By meeting as you are about to do, and giving expression to sentiments in favor of the perpetuation of our Government, and in behalf of those of our citizens who are denied the rights and privileges of citizenship, you will strengthen the hearts and hands of all among our rulers who are endeavoring to execute judgment and justice, and to save our Government under the guidance of Him who controls the destinies of nations.
Trusting that this is but the beginning of a good work among the true women of the nation, I subscribe myself, Yours for the interest of our common country,
LIZZIE WELSH.
MEDINA COUNTY, OHIO, May 12, 1863.
DEAR MISS ANTHONY:—This is no time to be idle now. Every true woman must do her whole duty, and buckle on the strong armor of Faith, to meet the enemy face to face. Let the traitors of the country hear our voices, and let Southern tyrants tremble in their high places. Let the prayers of the loyal women ascend to the throne on high. I trust you may have a decidedly good meeting—one, too, that will be remembered in future ages, when war and bloodshed shall have passed forever away, and sweet peace shall reign again in our beautiful land. We long for our brave brothers to return to their homes, but not till the Union is restored, and the traitors receive their just punishment. My heart is deeply engaged in the cause of human liberty and justice, and I have given my all in the struggle.
I remain, yours respectfully, EMMA C. HARD.
RICHWOOD, May 9, 1863.
SUSAN B. ANTHONY—DEAR MADAM:—In The New York Tribune of April 25, 1863, we observed that a National Convention of the Ladies' Union League is to be held in the city of New York, on the 14th day of May. We were truly gratified with this intelligence, and should be very happy to be present on that occasion; but as that is among the impossibilities, we deem it a great privilege to represent the Richwood Ladies' Union League through epistolary correspondence. The cause is glorious, and is calculated to elevate woman to a higher sphere. Louder voices and holier motives urge us to duty as never before. At the time our Ladies' Union League was organized, we knew not that there was another in the world, or that there ever would be.
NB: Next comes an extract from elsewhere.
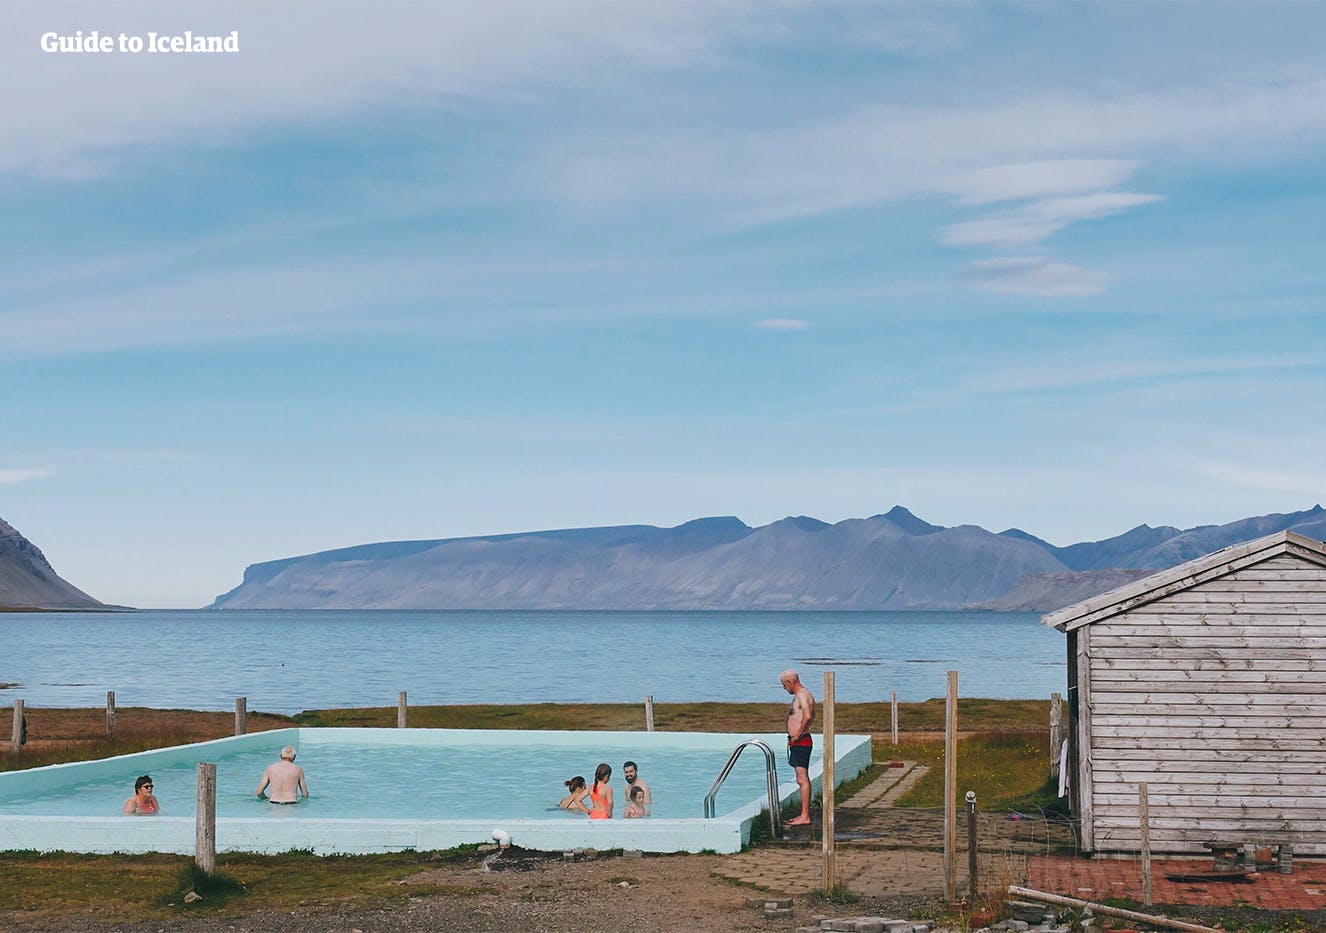 สระว่ายน้ำความร้อนใต้พิภพ Reykjafarðarlaug ในฟยอร์ดทางตะวันตกอันห่างไกลของไอซ์แลนด์

Its infancy was feeble, as we must advance cautiously, if we would surely; but it was as a city set on a hill. The good work is still progressing.
INDIANA.
ANGOLA. IND., May 6, 1863.
MISS ANTHONY:—The call for a Convention in New York to express the feelings of woman in view of the condition of the country, is timely. I regret that I can not be present to share the inspiration of the occasion, and as far as possible to aid in making an impression worthy of the hour. We call this an alarming crisis because it is a struggle involving our lives, our liberty, and our happiness. It must be borne in mind that this nation is great not simply from the number of States it has held in union, but from its creative genius. We are told that this is the best expression of a republican form of government. It is so because it is self-sustaining, self-reliant, and therefore may be self-governing. The stern, smooth-faced Puritan fled from religious persecution in the Old World to find room for an idea in the New; and the planting of one religious idea has yielded a rich harvest of sects, each an improvement on the last.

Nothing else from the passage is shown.